Skjorheim motions him to sit back down hastily, “She’s a hateful bitch, that one. I wouldn’t try it, boy.”

She shuts the door behind her, the short altercation coming to the end without so much a tear to her cheek. Sitting on the cold, icy doorstep with her gloves in her hand, she wonders what she does next. Crossing the border back into High Rock wasn’t an option, she nearly died getting to Windhelm. Looking around her, the Valunstrad district was laughable compared to wealthy districts of High Rock. She’d seen and lived in the shadows of some of the most magnificent fortresses, jumping from castle to castle in the Iliac Bay region, to Wayrest, to anywhere in High Rock she so desired—even spending the night in the Adamantine tower, the very place Aedra convened. Therese, her mother, claimed that Vanja was conceived in the tower, that she and Skjorheim were so in love that they couldn’t wait until they got home. People saw this as a bad omen, to desecrate such a holy place, but Therese found it beautiful that civilization and her daughter were beginning in the same place, and isn't love holy in its own way?

Deep in her thought, she was interrupted by a cloaked figure stalking up the streets, stopping in front of her. “It’s a rough crowd, isn’t it?” She giggles, a cloud forming with her staggered breaths.

“I’m not used to Skyrim, her people, the mannerisms.”

He chuckled, “Aye. Are you not cold?”

She shrugged, “I’m just as Nord as you are.”

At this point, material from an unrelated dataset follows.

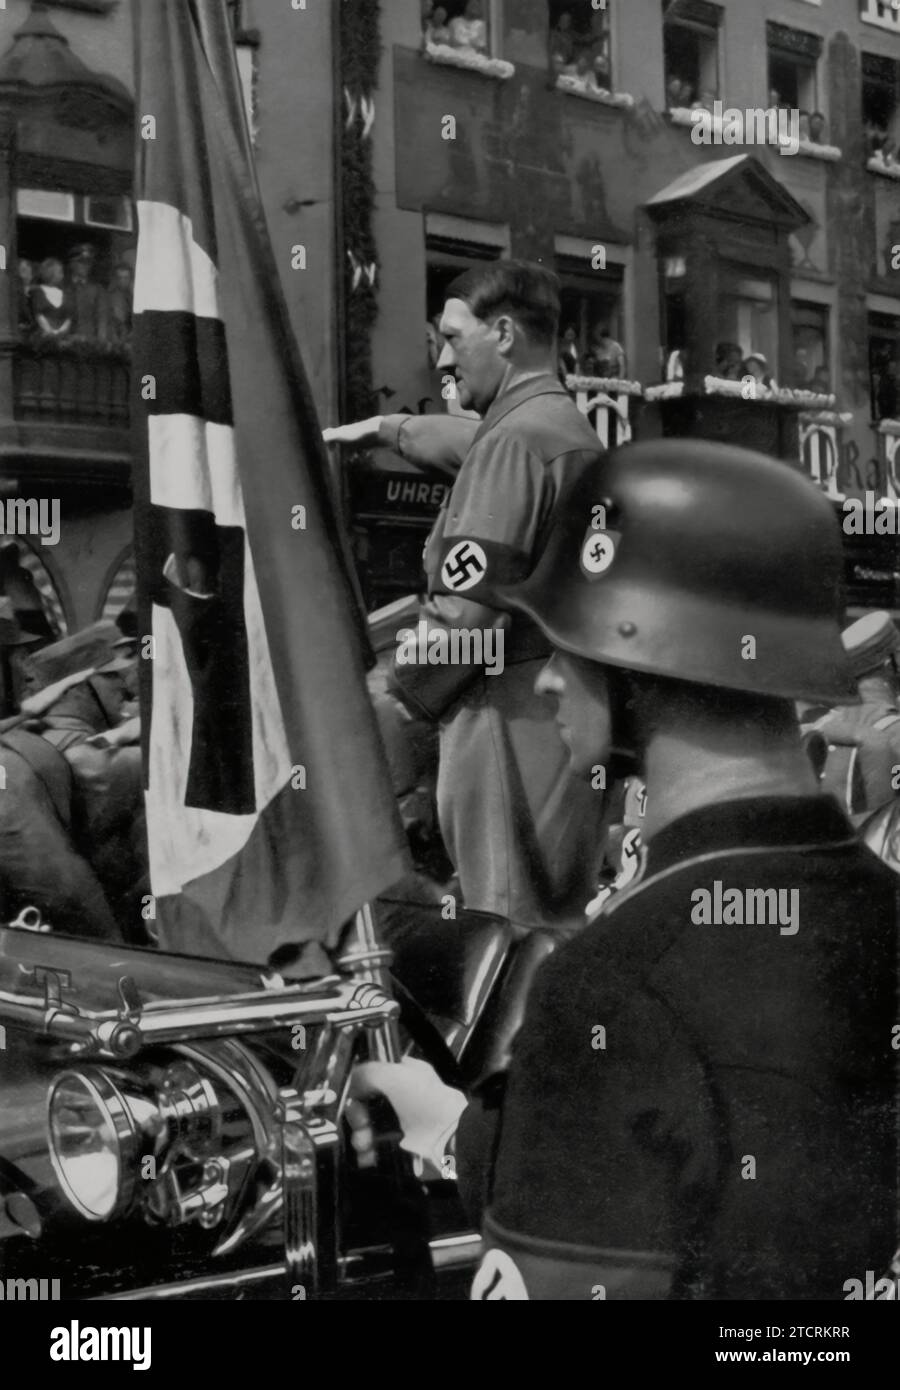 Bei der Nürnberger Rallye wird Adolf Hitler die Blutfahne aus dem Jahr 1923, ein verehrtes Symbol der Nazi-Überlieferung, grüßen. Diese Flagge, die mit dem Blut von Parteimitgliedern aus der Bierhalle Putsch befleckt wurde, wurde zur Weihe neuer Fahnen verwendet. Hitlers Gruß an die Blutfahne unterstreicht die Verehrung seiner frühen Kämpfe und der Opfer seiner Mitglieder durch das Regime und symbolisiert einen kontinuierlichen Faden der Loyalität und des Martyriums innerhalb der Nazi-Bewegung. Stockfoto

“You’re half as Nord as I am.”

“I guess I might as well hurry to the Gray Quarter then,” she mutters under her breath. The man’s lips thinned to a small line. His face blended in with the petrified wood and the old, crumbling stones. He literally became his city. Her father told her of Ulfric’s coronation, how the city was cloaked in blue, how even the elves came out to stare in a wide eyed glory of the son that returned from war. How he held the crown upon his head and remained humble, bowed reverently to his late father, how the women littered the path with snowberries, mountain flowers, dragon’s tongue, and lavender, how the men held their shields in the old way—for when you held your shield to someone in the old ways, it meant you’d protect the person, a time before fear and survivalism took a shield to pertain to a personal sense of protection rather than wholesome, unselfish defense. Such was a secular, partitioned place Skyrim had become.“I heard you were becoming cozy with the Mottiere’s in High Rock.”

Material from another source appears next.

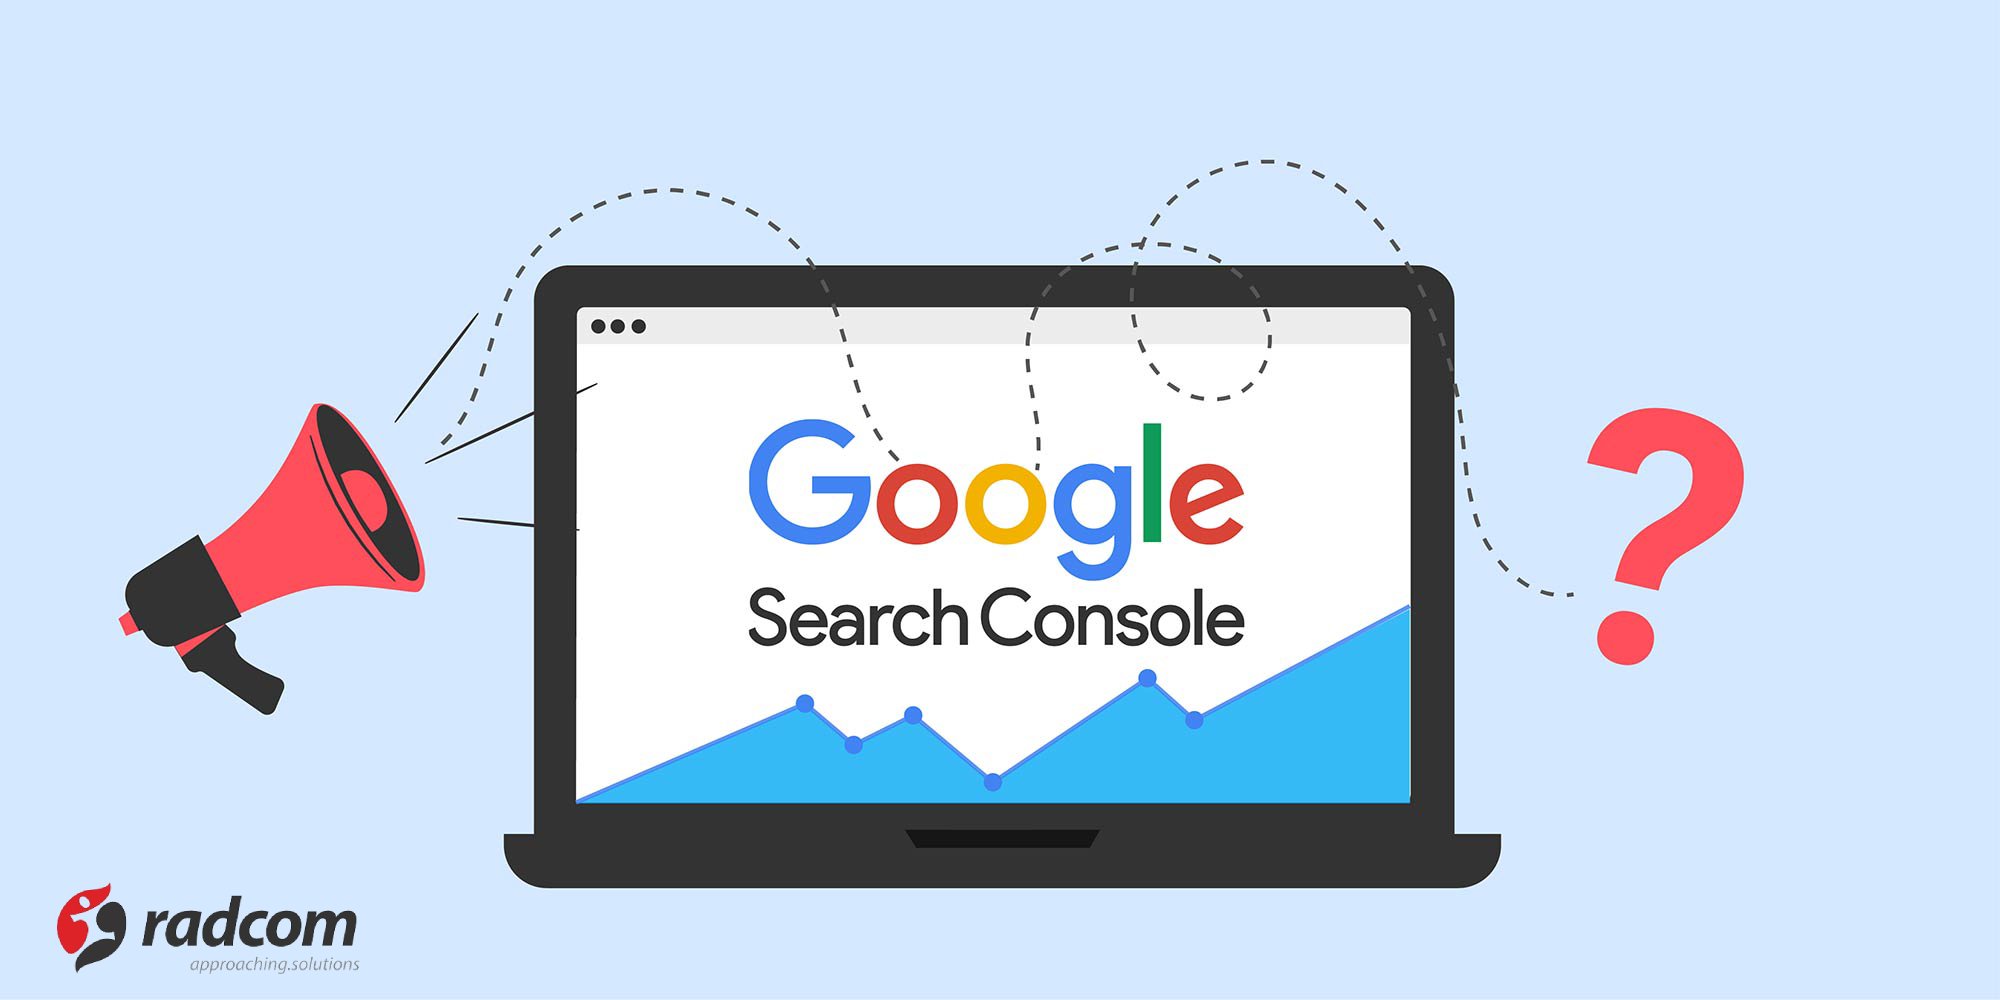 نگاهی مختصر به ابزار گوگل سرچ کنسول (Google Search Console)

“They are quite the bunch,” Vanja blushes. That they were, a feuding, mess of a Breton family, but outright about it, not dodging their discomforts and confronting them. She’d become a nanny, but had worked her way up to estate manager and had fallen in good graces with the old name.

“Empire leaning, aren’t they?” He muses, leaning against the metal working that hangs above her head.

“I’d suppose so, Amaund being on the Elder Council.”

He sighs, “What are you planning on doing now, surely you can’t be thinking about crossing the border again.”

“I’m planning on taking up residence on the Summerset Isles, of course.” He releases a hearty laugh, much to her surprise. She’d suspect he’d be more adverse to the off-color comment.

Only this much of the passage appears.